LAFA: Agentic LLM-Driven Federated Analytics over Decentralized Data Sources
This work addresses the need for privacy-protected, accessible data analytics for users in decentralized environments, representing a novel integration rather than an incremental improvement.
The authors tackled the problem of enabling natural language-driven, privacy-preserving data analytics by integrating LLM-agent-based analytics with federated analytics, resulting in a system that outperforms baselines with higher success rates and reduced resource-intensive operations.
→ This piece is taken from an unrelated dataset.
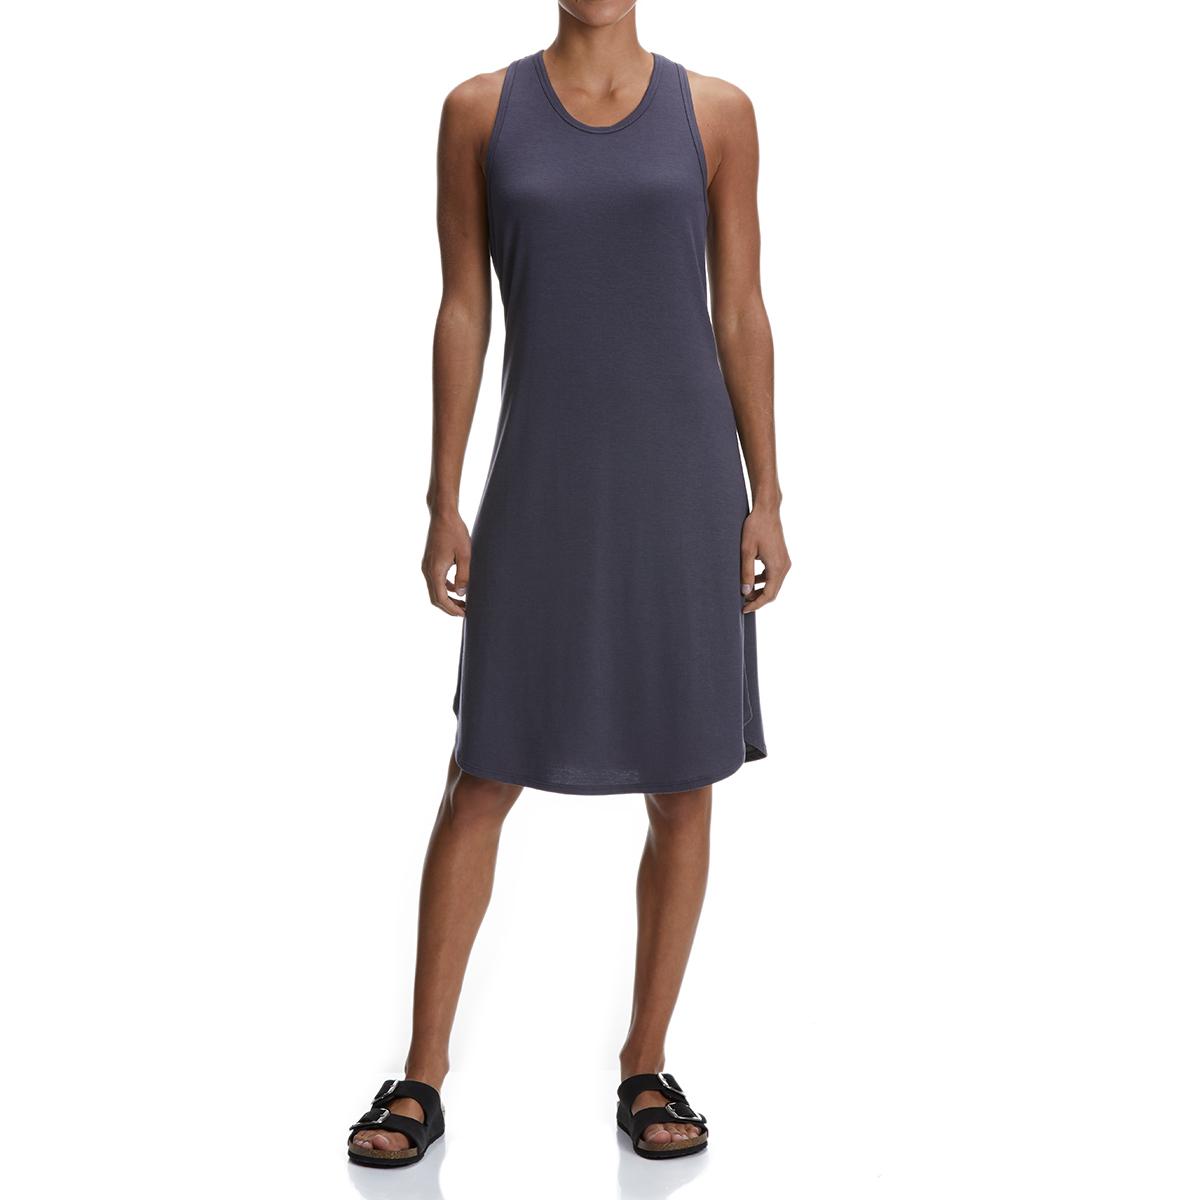 Ems Women's Highland Twist Back Dress - Black, L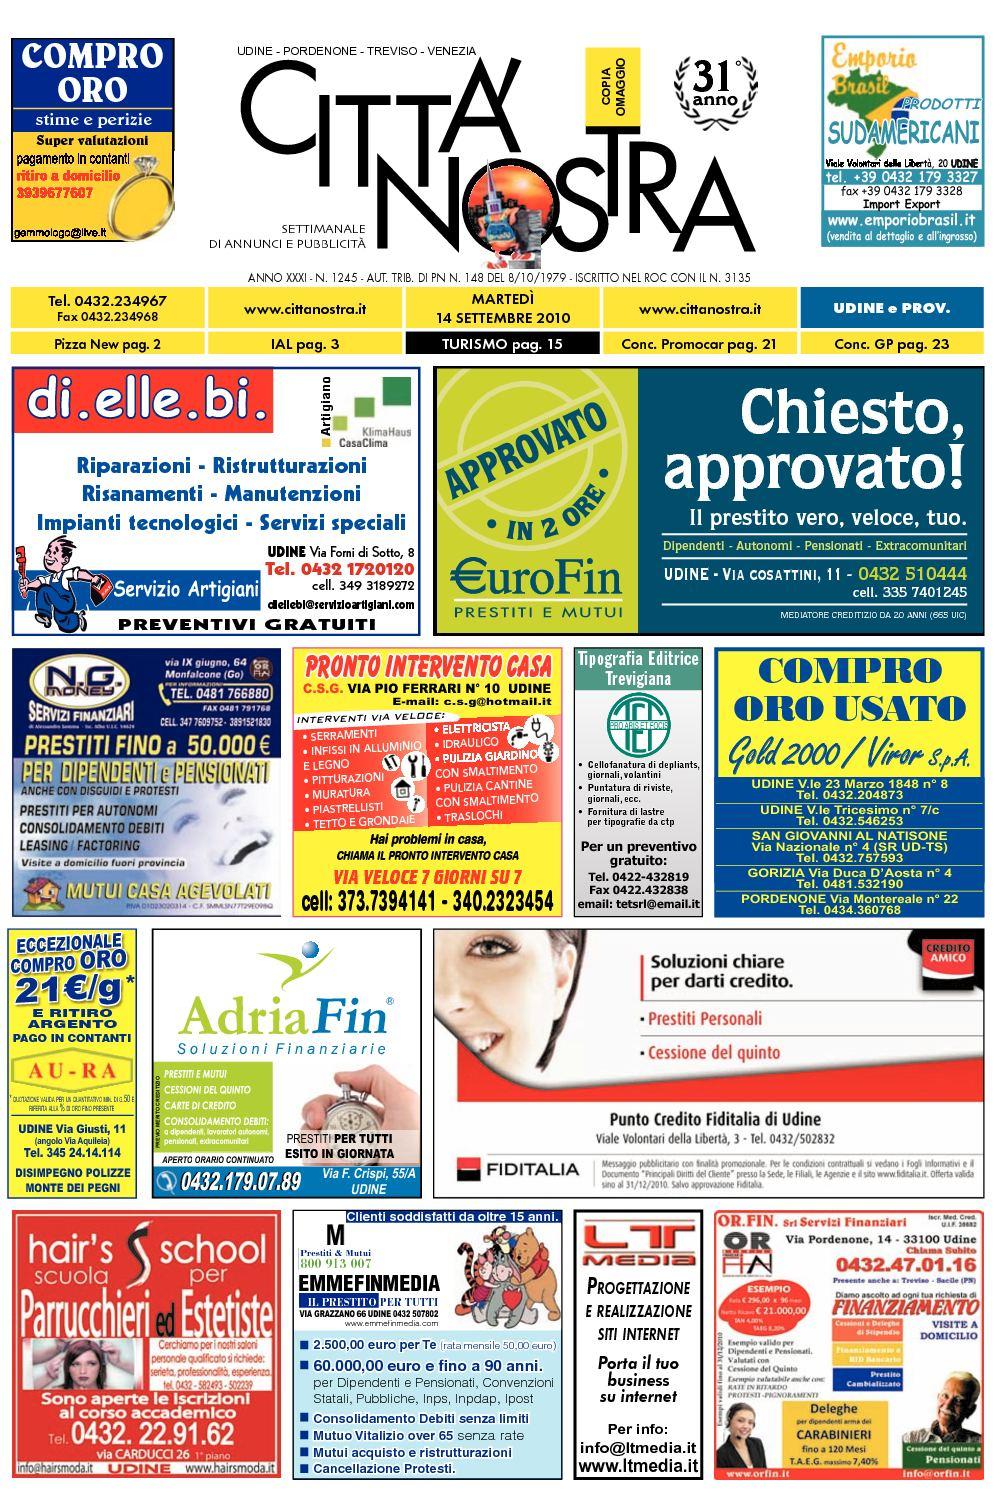 Best Mobili Usati Udine Images - harrop.us - harrop.us

Large Language Models (LLMs) have shown great promise in automating data analytics tasks by interpreting natural language queries and generating multi-operation execution plans. However, existing LLM-agent-based analytics frameworks operate under the assumption of centralized data access, offering little to no privacy protection. In contrast, federated analytics (FA) enables privacy-preserving computation across distributed data sources, but lacks support for natural language input and requires structured, machine-readable queries. In this work, we present LAFA, the first system that integrates LLM-agent-based data analytics with FA. LAFA introduces a hierarchical multi-agent architecture that accepts natural language queries and transforms them into optimized, executable FA workflows. A coarse-grained planner first decomposes complex queries into sub-queries, while a fine-grained planner maps each subquery into a Directed Acyclic Graph of FA operations using prior structural knowledge. To improve execution efficiency, an optimizer agent rewrites and merges multiple DAGs, eliminating redundant operations and minimizing computational and communicational overhead. Our experiments demonstrate that LAFA consistently outperforms baseline prompting strategies by achieving higher execution plan success rates and reducing resource-intensive FA operations by a substantial margin. This work establishes a practical foundation for privacy-preserving, LLM-driven analytics that supports natural language input in the FA setting.